Biological inorganic chemistry is a fascinating and diverse discipline which, as the name implies, draws on aspects of both inorganic coordination chemistry and biochemistry. The subject spans an enormous variety of topics, ranging from chemical synthesis and characterization of novel metal complexes for use as models, to bioinorganic enzymology, and to medicinal chemistry. A unifying theme in my own research has always been a keen interest in reaction mechanisms at the molecular level, and I am especially interested in the reactions of metalloenzymes. Currently I am concentrating my efforts on two bacterial enzymes: ammonia monooxygenase (AMO), which oxidizes ammonia to hydroxylamine, and hydroxylamine oxidoredutase (HAO), which subsequently oxidizes the hydroxylamine to nitrite (Eqns. 1, 2).
These reactions are part of the ecologically important process known as "nitrification", which is in turn part of the biological nitrogen cycle.
Remarkably, all of the enzymes from the nitrogen cycle which have been identified to date are in fact metalloenzymes, which utilize a wide variety of transition metals to catalyze, with a high degree of specificity, the transformations between N-containing species. This fact, coupled to the inherent richness of inorganic nitrogen chemistry itself, has made this area a fruitful hunting ground for the bioinorganic chemist. However, for a variety of reasons, the process of nitrification has not been as thoroughly investigated as the other processes in the nitrogen cycle.
An understanding of the two processes of nitrification poses two distinct chemical challenges. AMO, which catalyzes the oxidation of NH3, has not been purified from an autotroph, and is the least studied enzyme in the nitrogen cycle. Indeed, one of the few things known about AMO is that it contains at least one, and more probably multiple Cu centers. Thus, the immediate challenge posed by AMO is one of purifying and characterizing it at the most basic level. Fortunately, a recent breakthrough with two related enzymes suggests a way by which AMO might now be purified, and I plan to investigate this possibility. I then plan to probe the CuII centers of AMO using pulsed-epr techniques, which can provide information about the types of ligands coordinated to the Cu centers, and also information about the arrangement of the Cu atoms with respect to each other.

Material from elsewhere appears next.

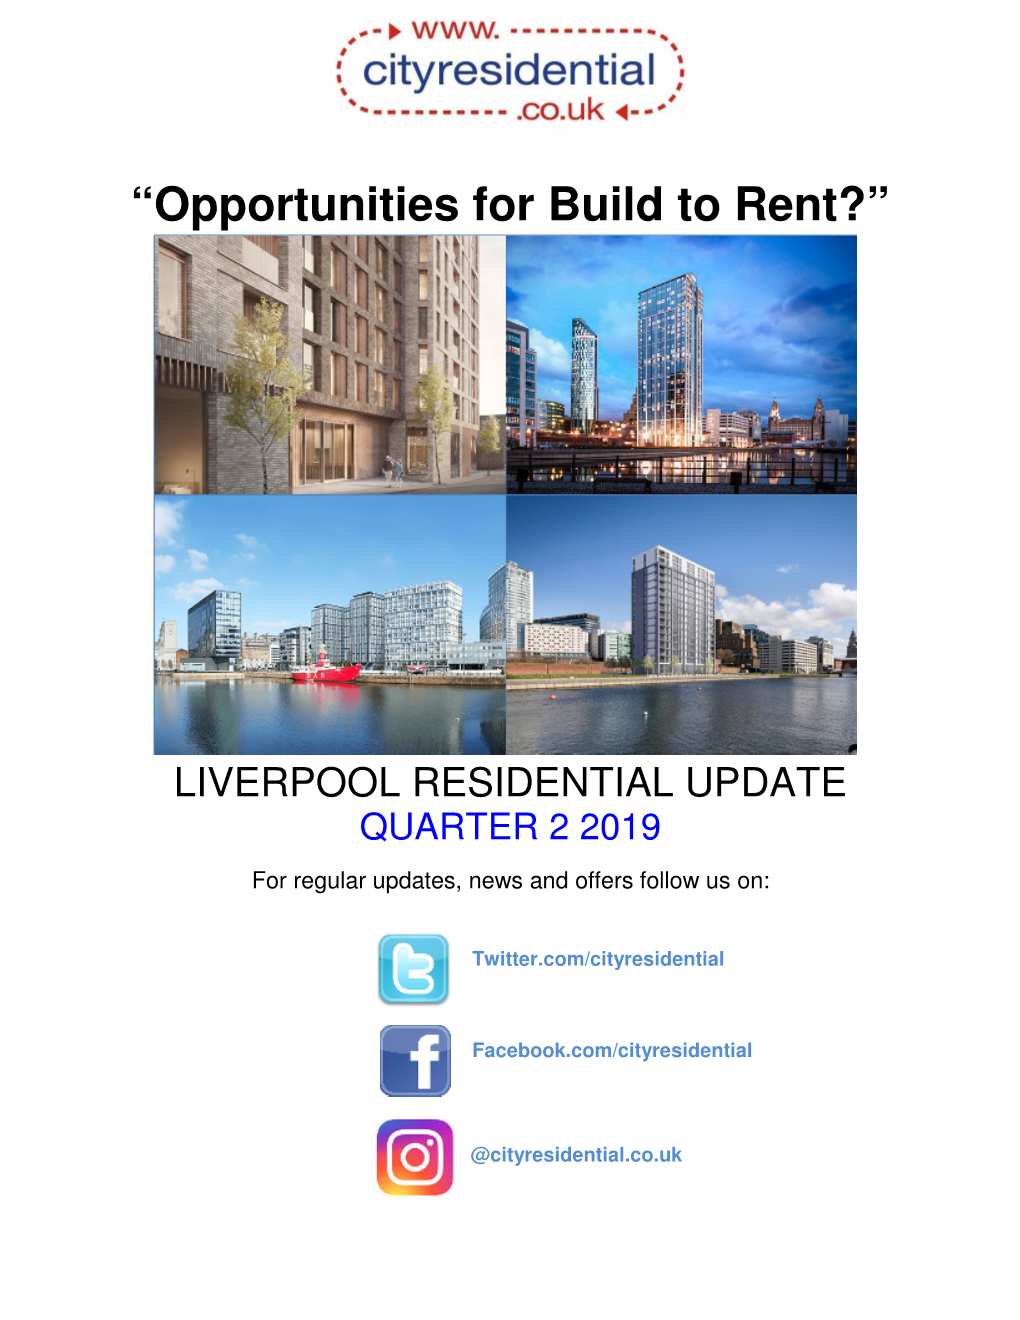 “Opportunities for Build to Rent?”

HAO, which catalyzes the hydroxylamine oxidation, has been much more studied than AMO, and in 1997 its crystal structure was determined. The fascinating feature of HAO is its remarkable complexity. The enzyme appears to be a trimer, with a molecular mass of -67 kDa per monomer. Each monomer contains seven c-type hemes, and a novel eighth heme known as P460, which is the site of hydroxylamine oxidation (Figure 1).

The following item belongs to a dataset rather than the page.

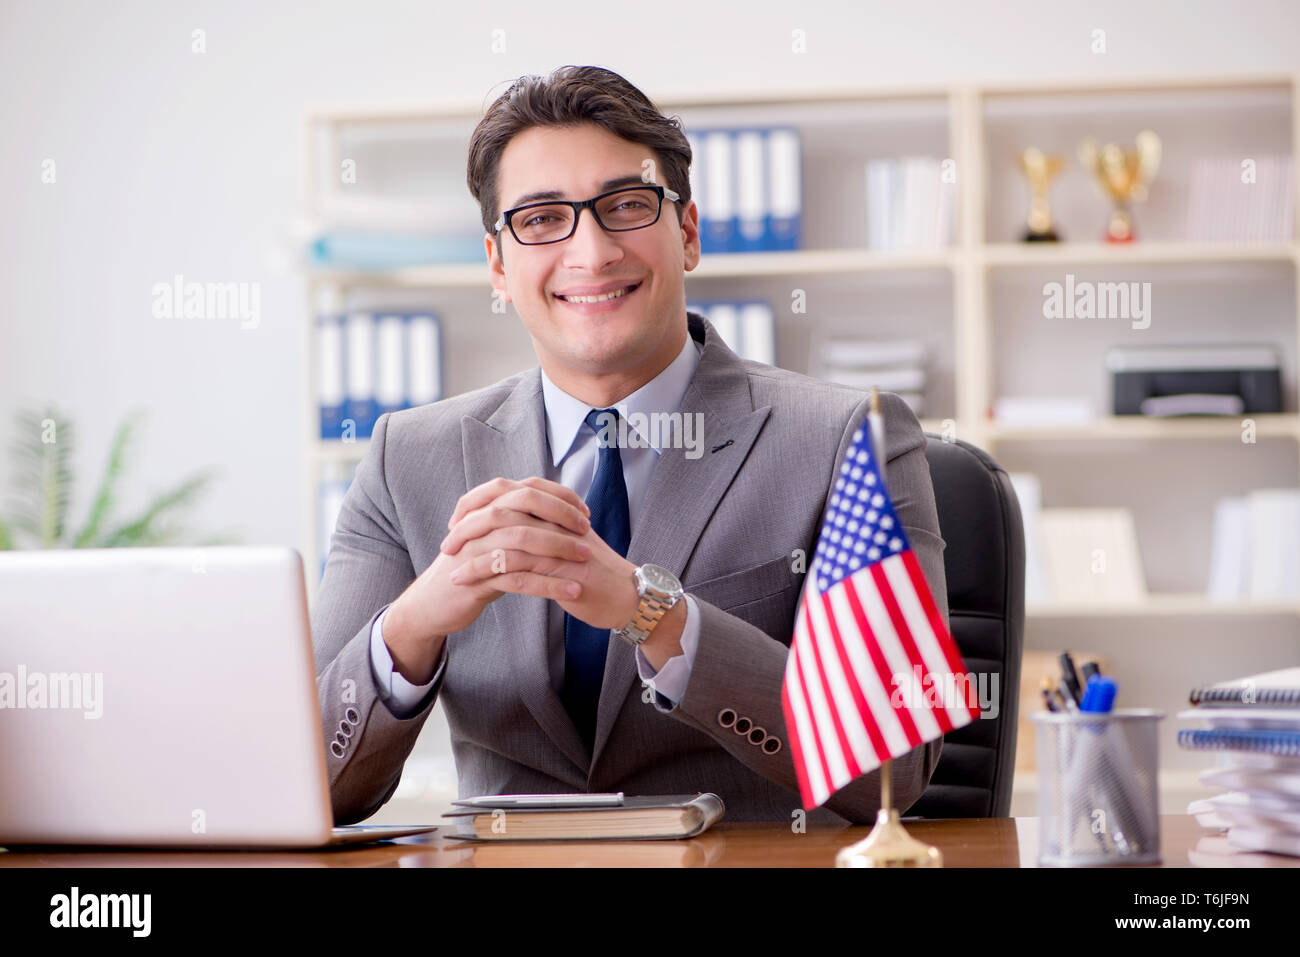 Businessman with American flag in office Banque D'Images

This makes HAO perhaps the most complex heme protein discovered to date. The chemistry of HAO has reached the ideal stage of development for performing detailed mechanistic studies; the molecule is well characterized and its basic reactivity is known, but many important questions remain unanswered. I will call on my knowledge of photochemical and stopped flow techniques to investigate transient processes during reactions of HAO. Also, as with AMO, I will use pulsed EPR techniques to probe the complex structure of HAO.